[Records from a data source]
--- START ---

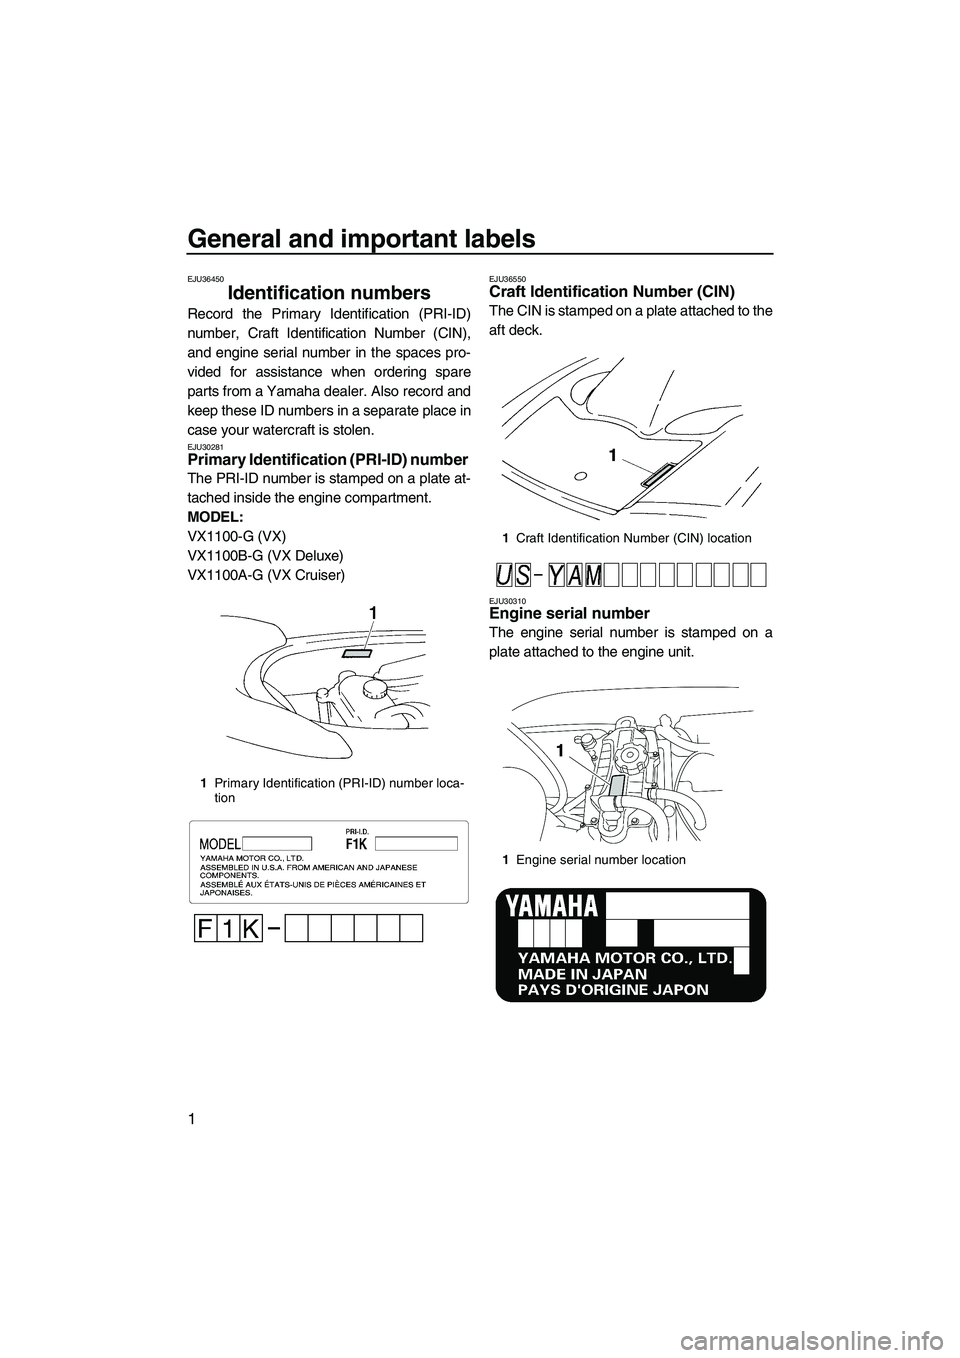 YAMAHA VX SPORT 2008  Owners Manual General and important labels
1
EJU36450
Identification numbers 
Record the Primary Identification (PRI-ID)
number, Craft Identification Number (CIN),
and engine serial number in the spaces pro-
vided

--- END ---

• **EXERCISE DETAILS**:
Write out an exact transcription of the line with "and engine serial" and of each line after it; stop at the end of the records.

• **RESULT BELOW**:
and engine serial number in the spaces pro-
vided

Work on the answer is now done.